The book is exceptionally cohesive, with the author's premise pithily embodied in the phrase, “it's the masculinity, stupid.” His central hypothesis is frequently repeated in the book, probably more than necessary; Katz highlighted multiple sources in “mainstream political analysis” that unanimously failed to “name and discuss the gender narratives at the heart of men's candidacies.”

Gender is a central factor even in races between men;” the author ventures on to comprehensively tackle the idea, after clearly establishing the significance of the presidency, and its “pedagogical function,” in shaping the nation's masculine ideal—the function of the American president as national alpha male and symbol of “American manhood.” Presented in an invigorating perspective, American voters are prompted to see themselves as having participated in “quadrennial referenda”—“a kind of referendum” every four years—on the meaning of American manhood, and thus on the consistent redefinition and refinement of the concept of “alpha-ness.”

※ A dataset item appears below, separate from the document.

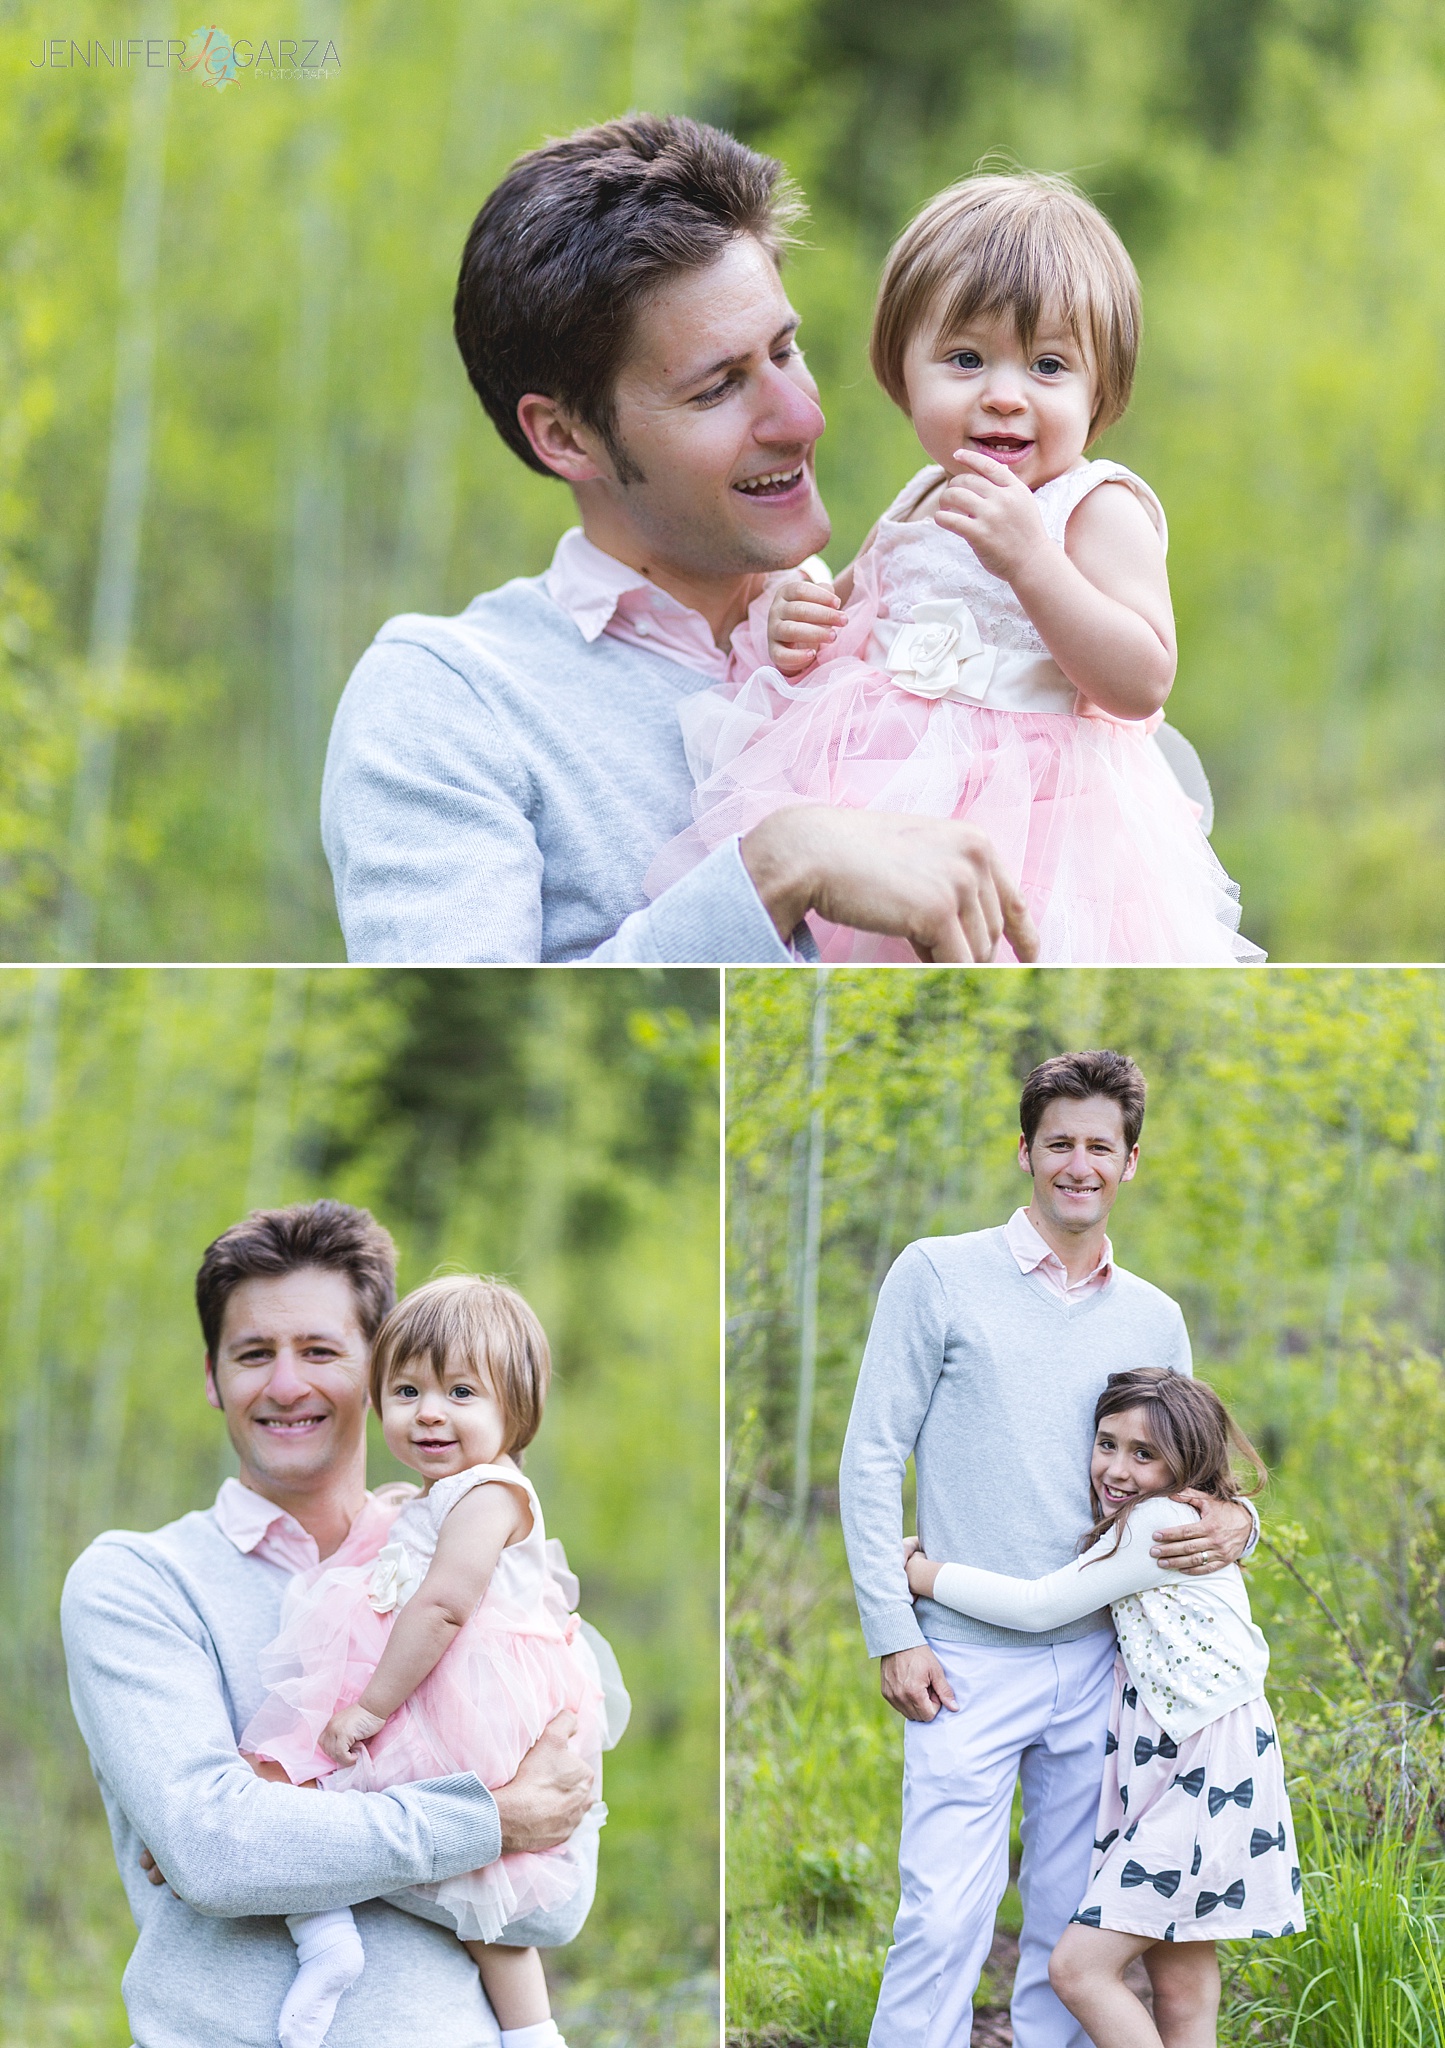 Daddy's Girls - Tom with Savannah & Rhyanne. Sylvan Lake family photos near Vail, Colorado.
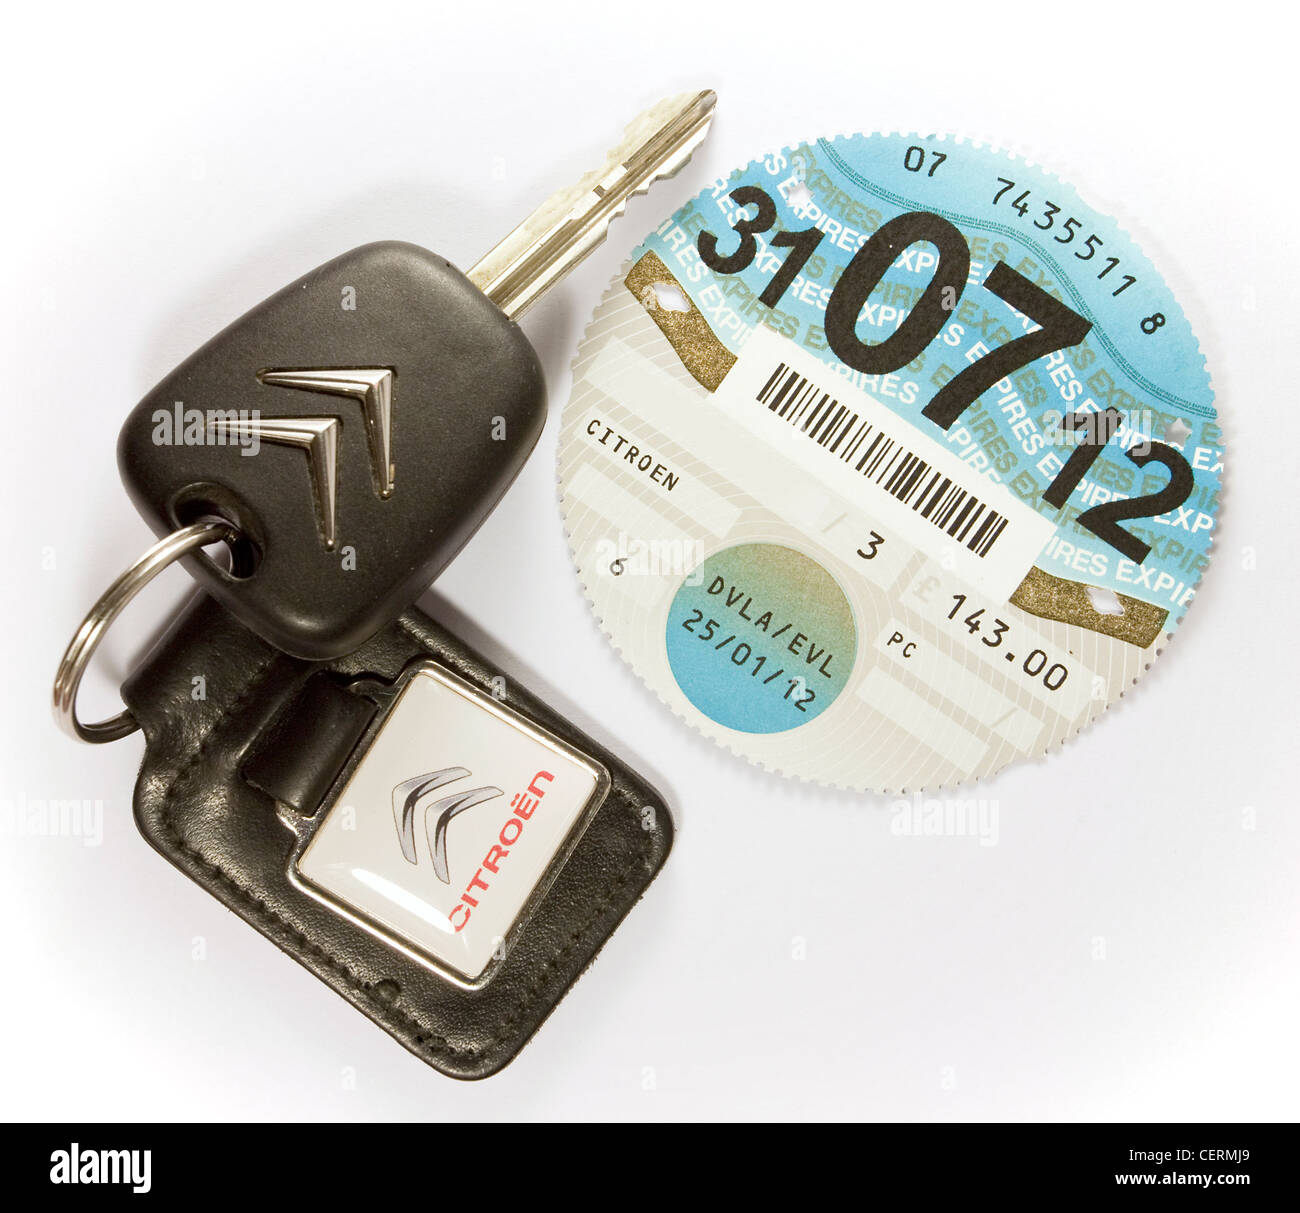 Car Tax Disc vehicle licence with Car Keys DVLA Stock Photo

The exploration of specific campaign strategies effectively served the author's case. The 1988 Bush-Dukakis campaign represents an outstanding example—Bush's campaign strategically and successfully utilized “Willie Horton” ads that painted Dukakis as being “soft on crime;” Dukakis's patriotism was similarly undermined as Bush ridiculed his 1977 veto of a bill that would have “required teachers to lead their students in the Pledge of Allegiance, and would have fined them if they refused.”

On the other hand, the 2004 Bush-Kerry presidential campaign involved the engineering of the Swift Boat Veterans For Truth ads accusing Kerry as a “poseur and faux-warrior who exaggerated his wartime experiences and faked battlefield injuries,” which potently served the agenda of the Republican party. Richard Nixon's tactical capitalization on the Hard Hat Riots, and positioning his party on the side of the hard hats in the “realm of cultural symbolism and identity” was yet another illuminating example included in the book.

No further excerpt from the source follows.